ONE
THROUGHOUT HISTORY, WHEN PEOPLE realized that the sulfur-spewing crater down the street was an active volcano, they invented both sober and creative ways to deal with the predicament.
The once mighty Incas flung virgins into theirs.
Ancient Pompeians built a resort around theirs.
Battle-hardened Scotsmen plunked a fortress on top of theirs.
Thankfully for the Scots, the volcano had stopped spewing sulfur when they undertook the project.
Tilly Hovick waggled her walking stick at the impenetrable hillfort turned castle, looking like a native in her beret and tartan plaid skirt. “The ancients called it Din Eidyn, meaning, ‘the stronghold of Eidyn.’”
“Who was Eidyn?” I asked.
She shrugged. “No one knows. But when the Angles invaded the country thirteen hundred years ago, they dubbed the rock Edinburgh, and it’s gone by that name ever since.”

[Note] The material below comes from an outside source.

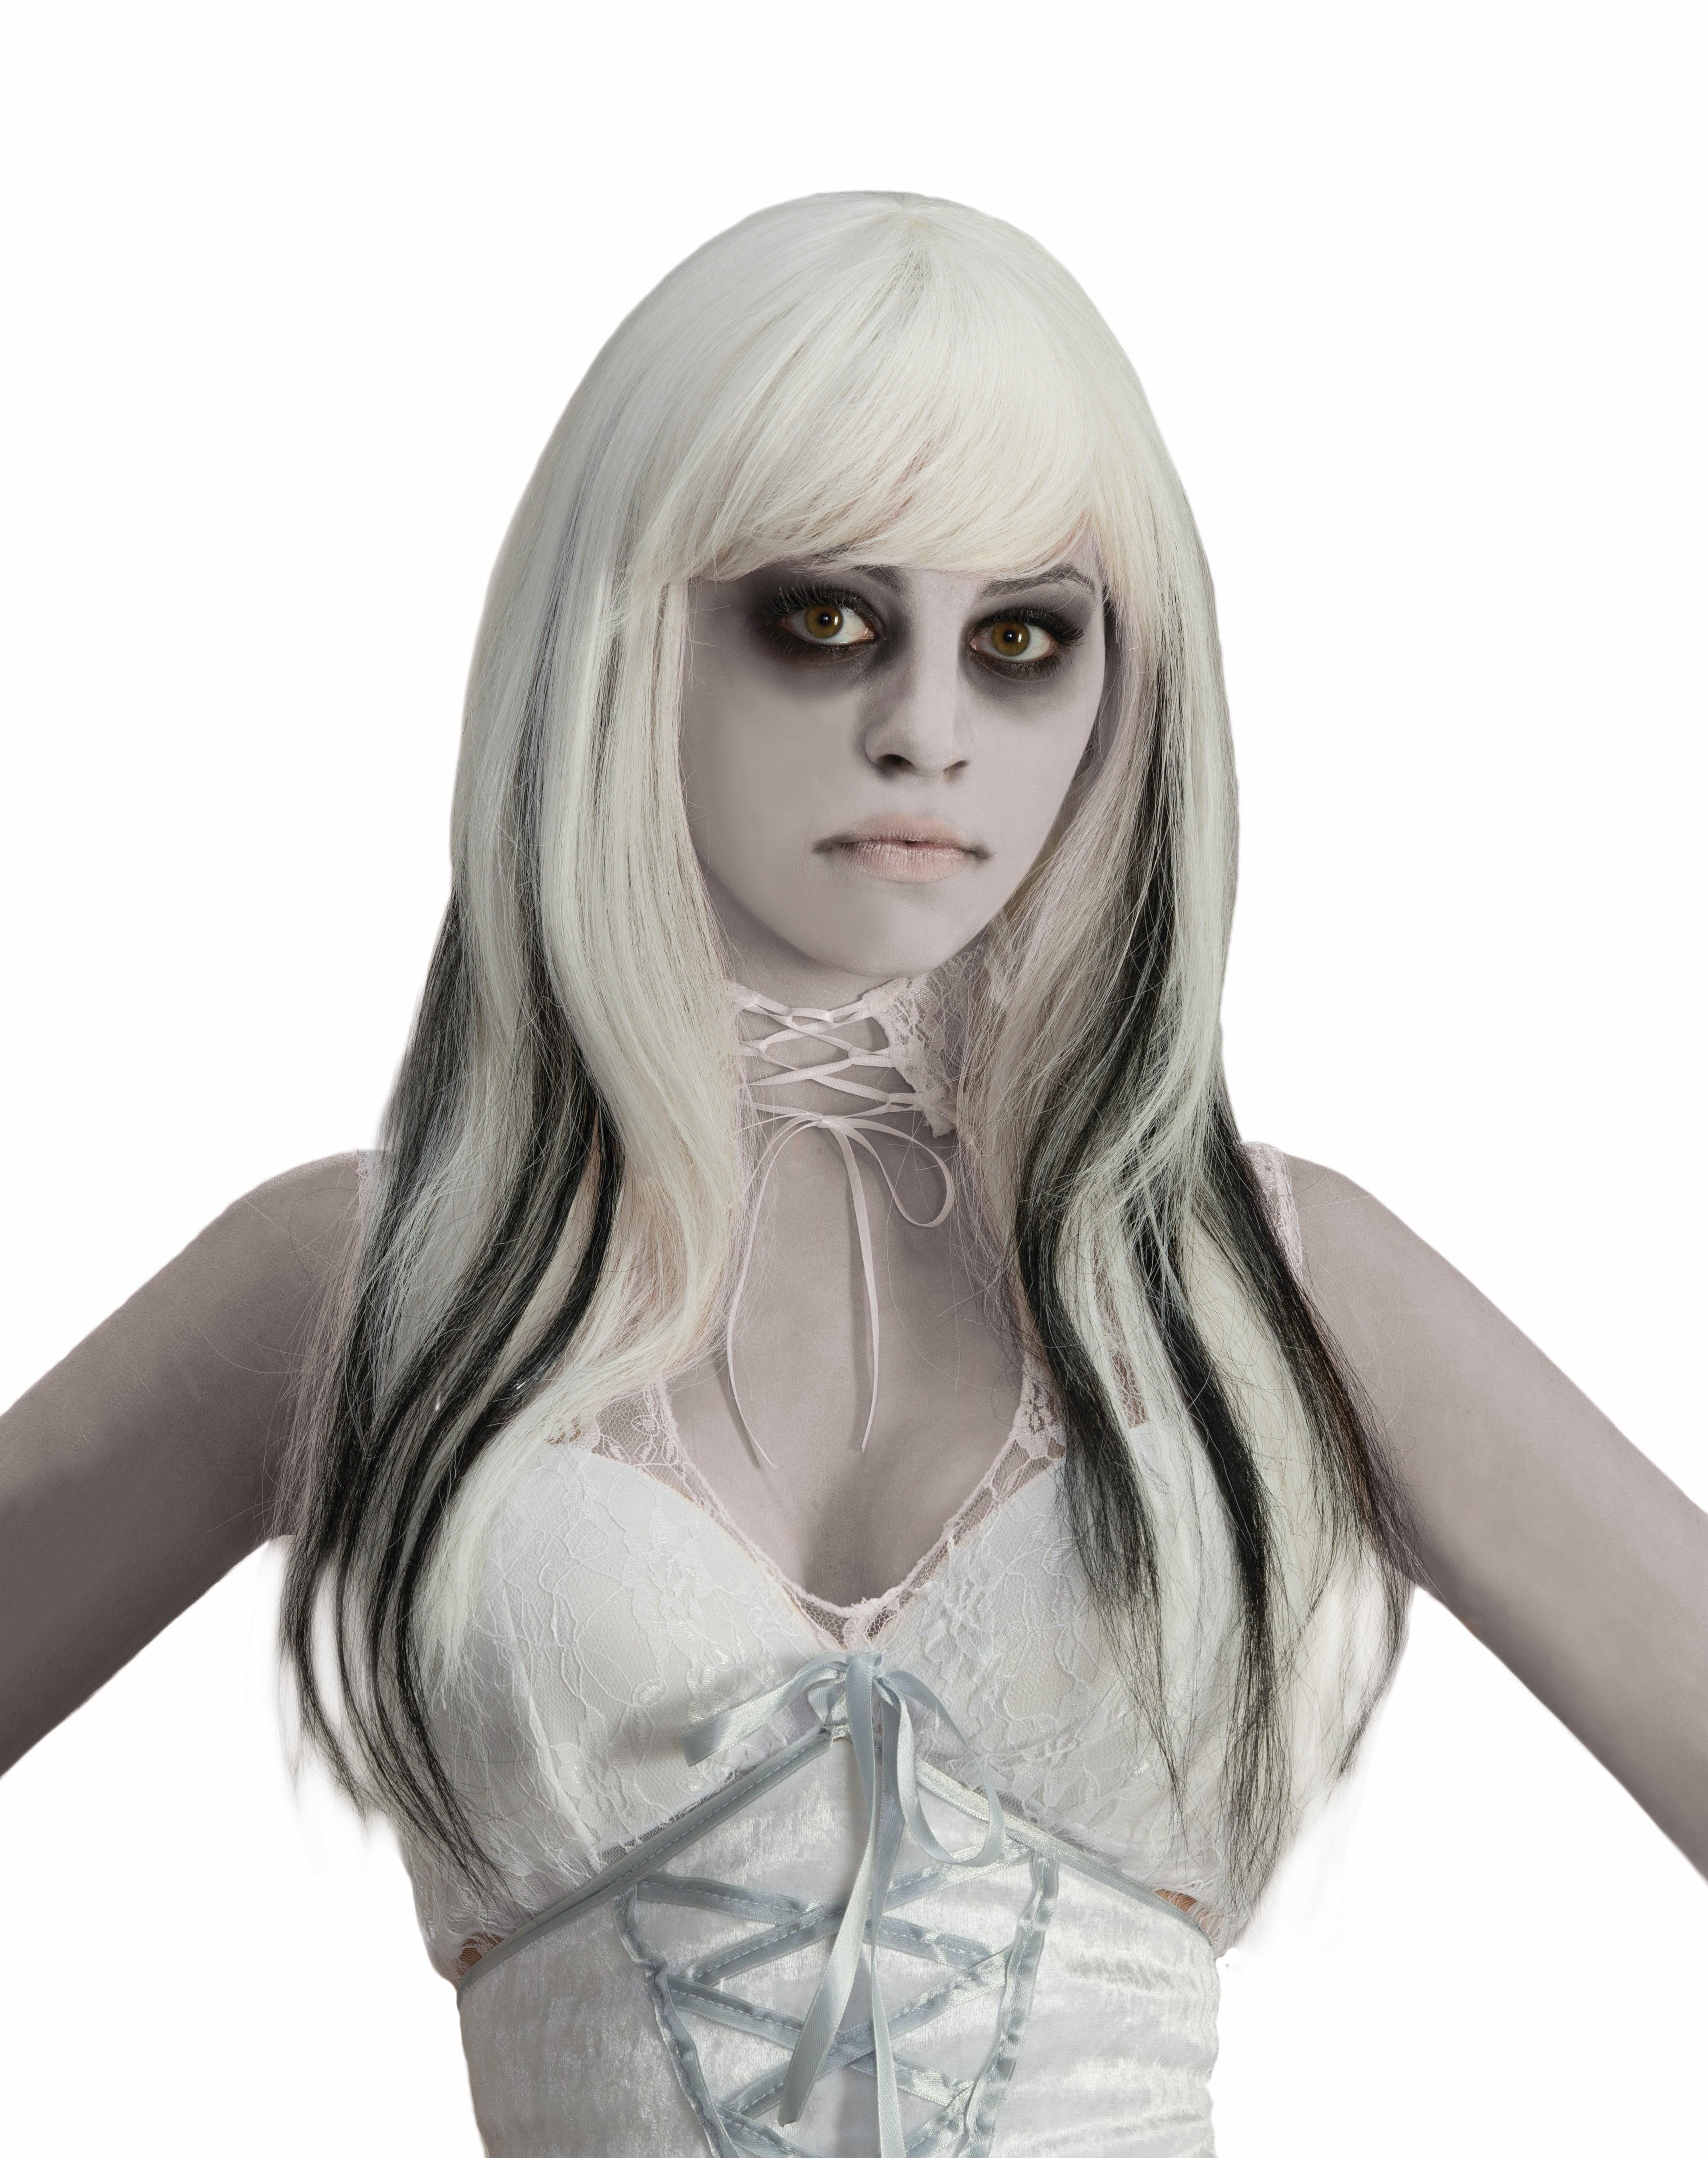 phantom ghost black & white costume wig adult one size

To say that Edinburgh Castle dominated the cityscape was an understatement. It was so imposing, it looked like the medieval version of an alien mothership perched atop a mountain of stone, and oddly equipped with round towers, cannon embrasures, and an impossibly steep curtain wall. Its turbulent history had been explained to us by the local guide who’d provided our group with a personalized tour of the buildings and battlements, but his accent had been so thick, I’d only caught half of what he’d said.
My grandmother peered up at Tilly in awe. “Was that somethin’ you knew on account of you was a professor, or somethin’ you seen on the History Channel?”
“I believe it was the first historical fact out of our guide’s mouth this morning,” acknowledged Tilly.
“No kiddin’?” Nana gave a little suck on her uppers. “George said the fella was speakin’ English, but I didn’t believe him.”
“His burr was quite pronounced,” Tilly admitted. “I’m not surprised you couldn’t understand him, Marion. If I hadn’t cut my anthropological teeth mastering non-labial consonants on Faraulep Island, I wouldn’t have been able to understand him either.”
We were killing time on the Royal Mile, an inordinately wide, brick-paved street that stretched like a landing strip from Edinburgh Castle all the way to Holyrood Palace, where the Scottish Queen Mary had resided for a handful of years in the sixteenth century. Since our visit coincided with the city’s famous festival and military tattoo, we were sharing the street with musicians, jugglers, acrobats, actors, bagpipers, and craftsmen hawking everything from Celtic crosses to tam o’ shanters. Normally, I’d be concerned about losing guests in the chaos, especially since my tour group consists entirely of seniors who might be easily disoriented. But thanks to modern technology, my worries have all but been eliminated.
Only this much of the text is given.